Zhang Jian, Qian Jingjing, Wang Pei, Liu Xuan, Zhang Fuhao, Chai Haiting, Zou Quan
School of Computer and Information Technology, Xinyang Normal University, Xinyang, 464000, China.
Yangtze Delta Region Institute (Quzhou), University of Electronic Science and Technology of China, Quzhou, 324003, China.
Adv Sci (Weinh). 2025 Jun;12(23):e2500581. doi: 10.1002/advs.202500581. Epub 2025 Mar 27.
Protein carbonylation refers to the covalent modification of proteins through the attachment of carbonyl groups, which arise from oxidative stress. This modification is biologically significant, as it can elicit modifications in protein functionality, signaling cascades, and cellular homeostasis. Accurate prediction of carbonylation sites offers valuable insights into the mechanisms underlying protein carbonylation and the pathogenesis of related diseases. Notably, carbonylation sites and ligand interaction sites, both functional sites, exhibit numerous similarities. The survey reveals that current computation-based approaches tend to make excessive cross-predictions for ligand interaction sites. To tackle this unresolved challenge, selective carbonylation sites (SCANS) is introduced, a novel deep learning-based framework. SCANS employs a multilevel attention strategy to capture both local (segment-level) and global (protein-level) features, utilizes a tailored loss function to penalize cross-predictions (residue-level), and applies transfer learning to augment the specificity of the overall network by leveraging knowledge from pretrained model.
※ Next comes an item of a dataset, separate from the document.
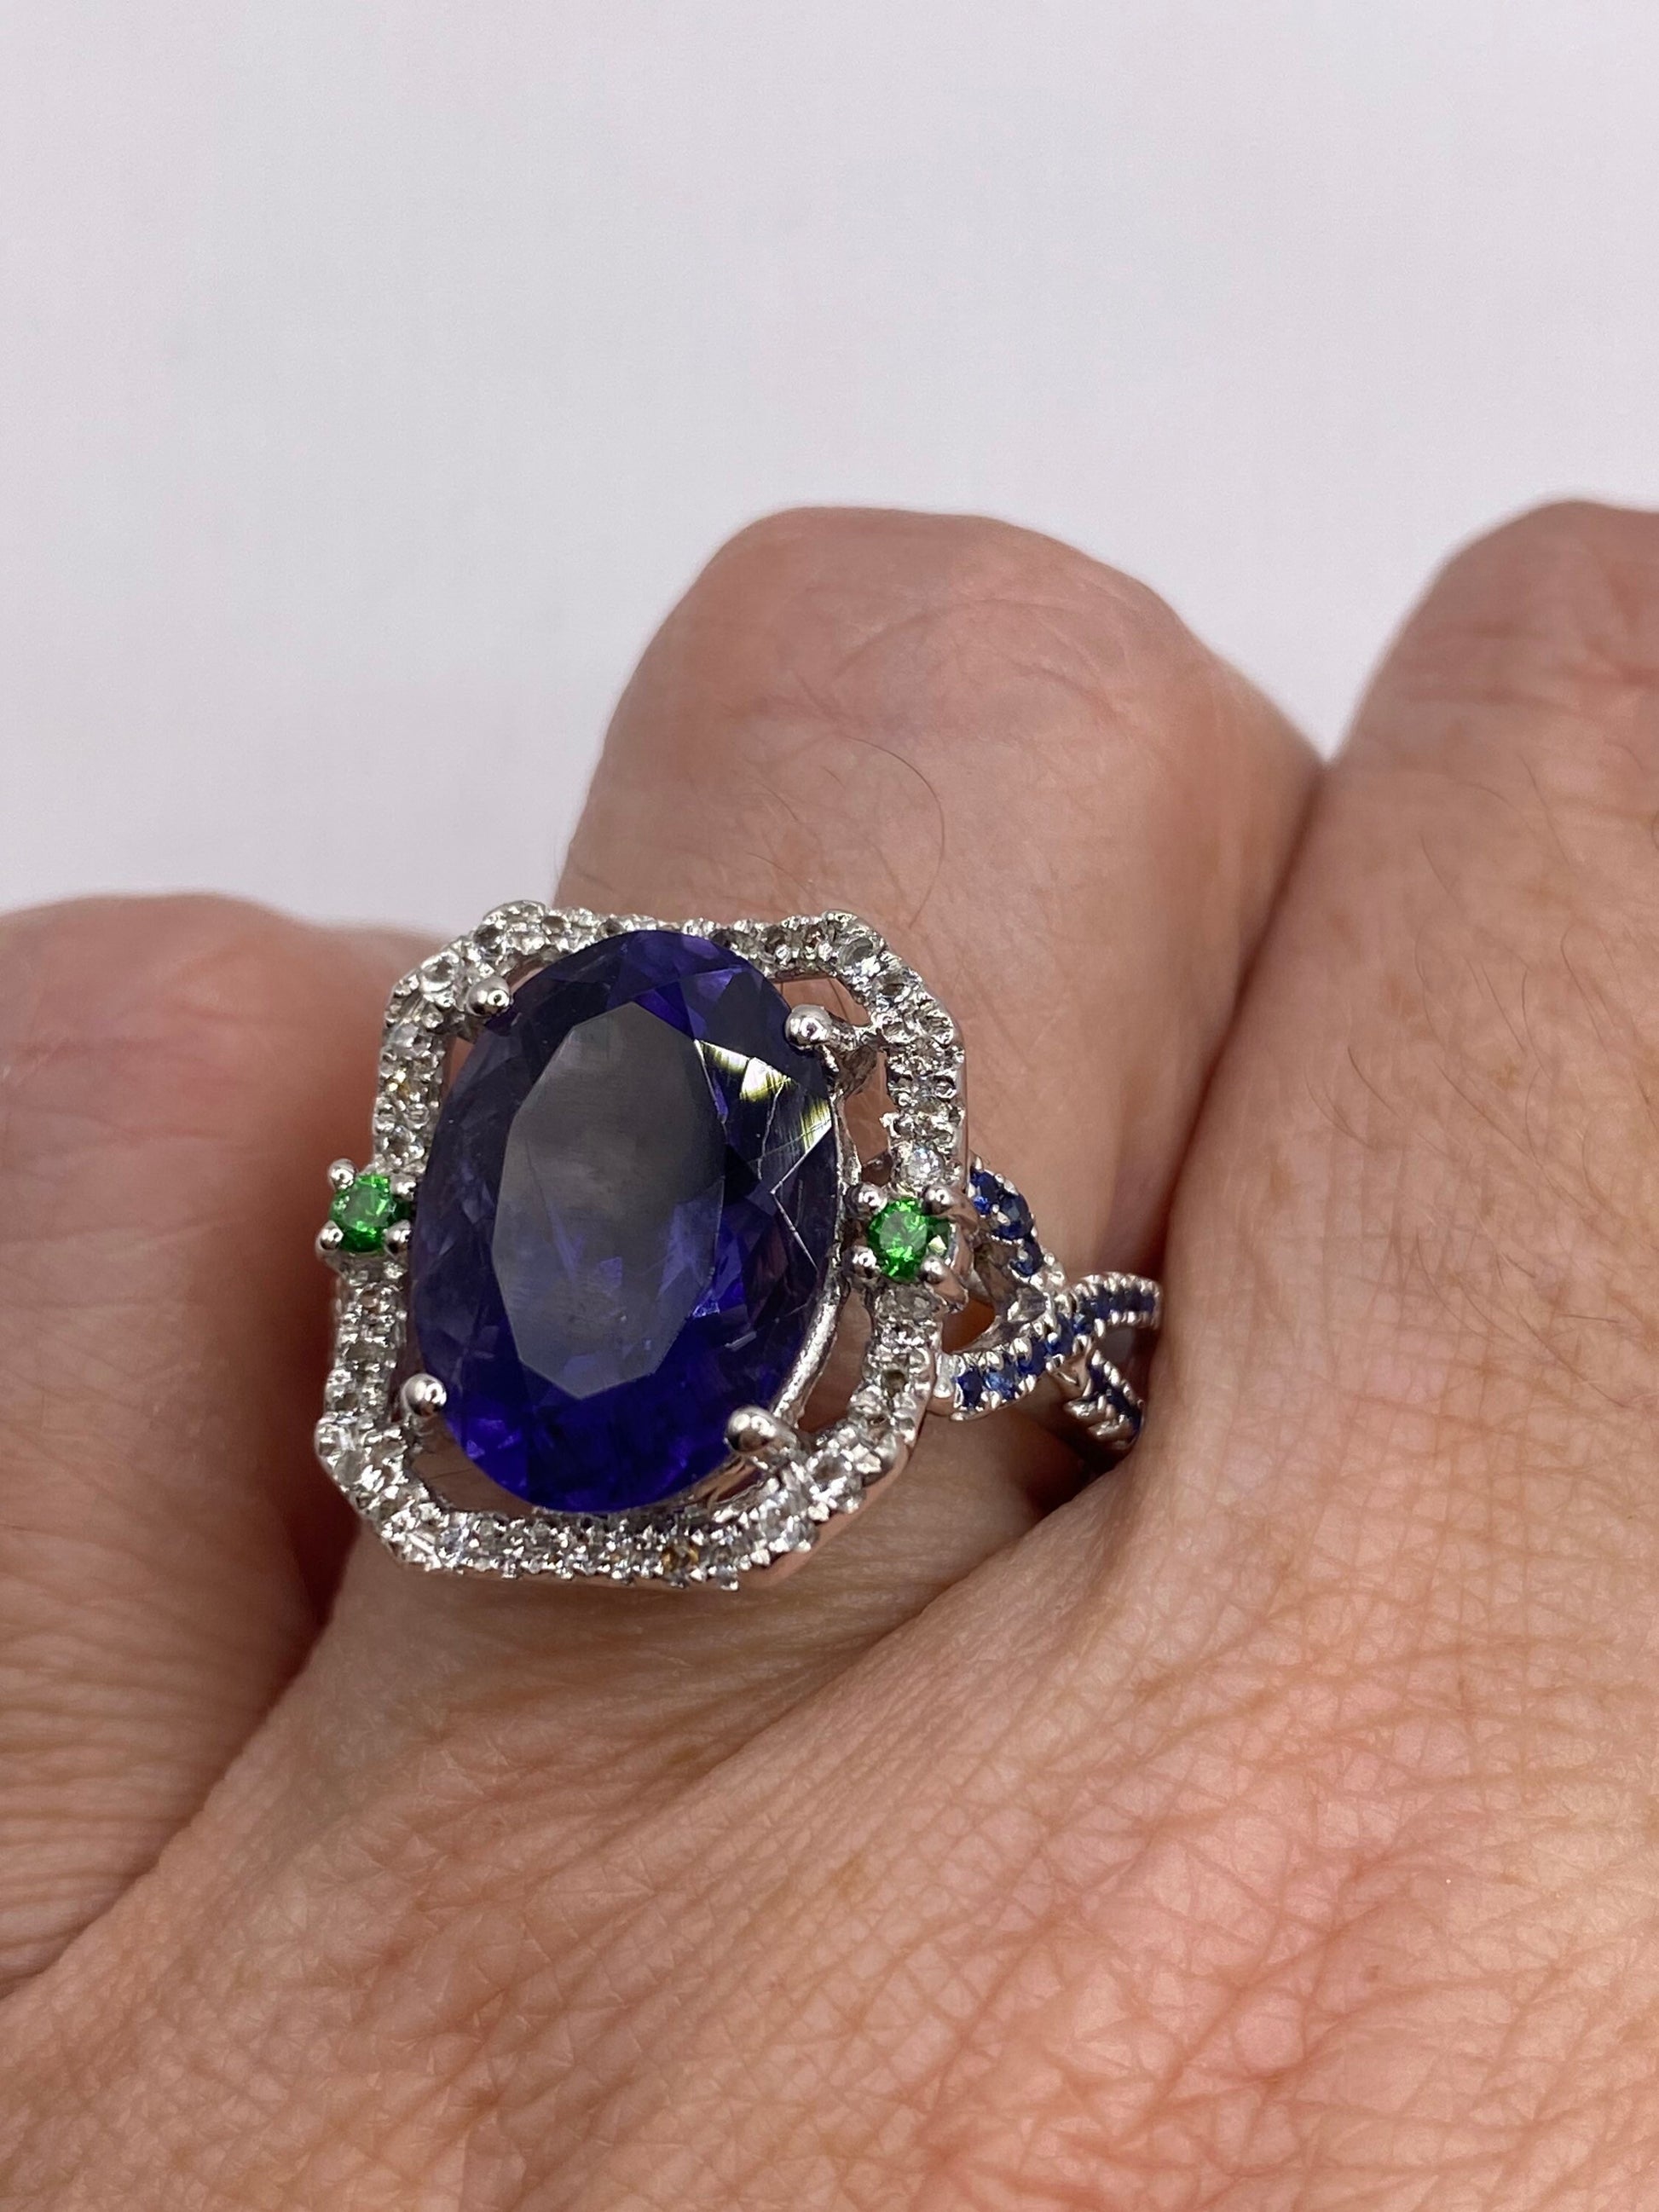 Vintage Blue Iolite 925 Sterling Silver Ring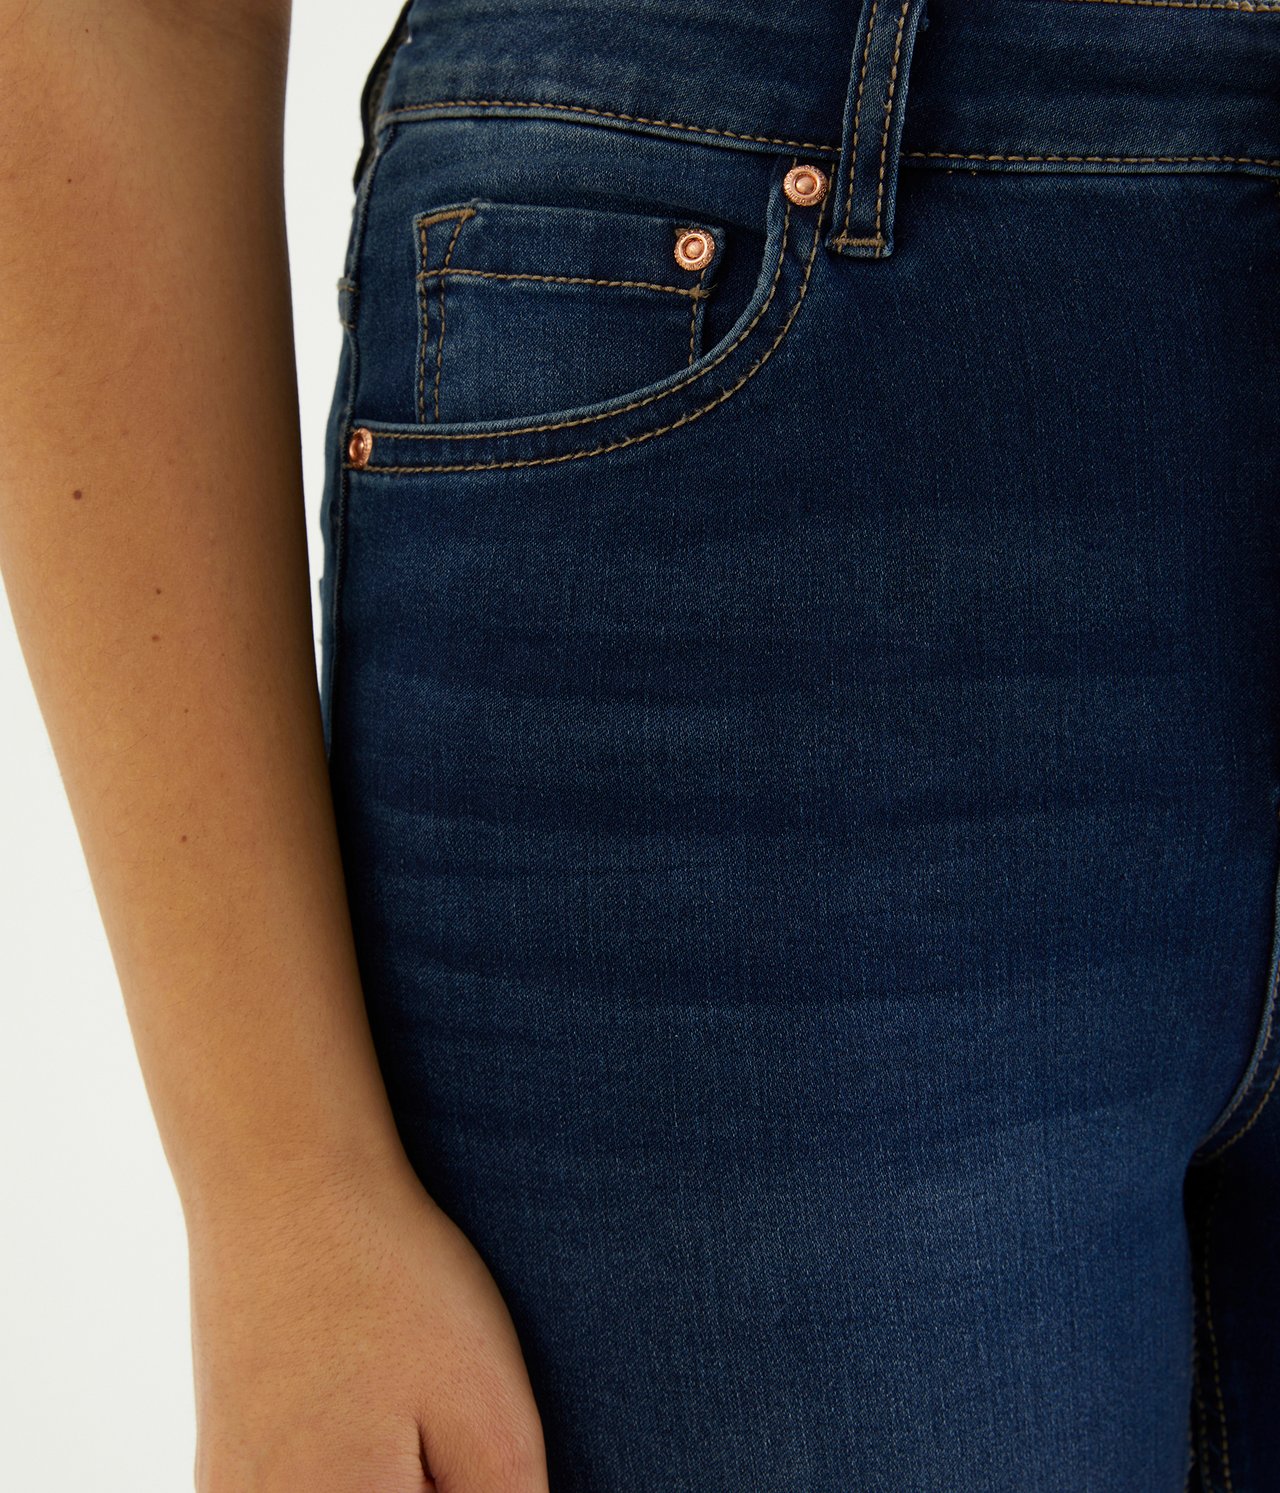 Super Slim Jeans High Waist - Mörk denim - 174cm / Storlek: 38 - 2

These innovative designs have been shown to successfully boost predictive performance and statistically outperforms current methods. Particularly, results on benchmark testing dataset demonstrate that SCANS consistently achieves low false positive rates, including low rates of cross-predictions. Furthermore, motif analyses and interpretations are conducted to provide novel insights into the protein carbonylation sites from various perspectives.
蛋白质羰基化是指蛋白质通过连接羰基而发生的共价修饰,羰基源于氧化应激。这种修饰具有生物学意义,因为它会引发蛋白质功能、信号级联反应和细胞稳态的改变。准确预测羰基化位点有助于深入了解蛋白质羰基化的潜在机制以及相关疾病的发病机制。值得注意的是,羰基化位点和配体相互作用位点这两个功能位点有许多相似之处。调查显示目前基于计算的方法往往对配体相互作用位点进行过多的交叉预测。为应对这一未解决的挑战,引入了选择性羰基化位点(SCANS),这是一个基于深度学习的新颖框架。SCANS采用多级注意力策略来捕捉局部(片段级)和全局(蛋白质级)特征,利用定制的损失函数来惩罚交叉预测(残基级),并应用迁移学习通过利用预训练模型的知识来增强整个网络的特异性。这些创新设计已被证明能成功提高预测性能,并且在统计上优于当前方法。特别是,在基准测试数据集上的结果表明,SCANS始终保持低误报率,包括低交叉预测率。此外,还进行了基序分析和解读,以便从不同角度为蛋白质羰基化位点提供新的见解。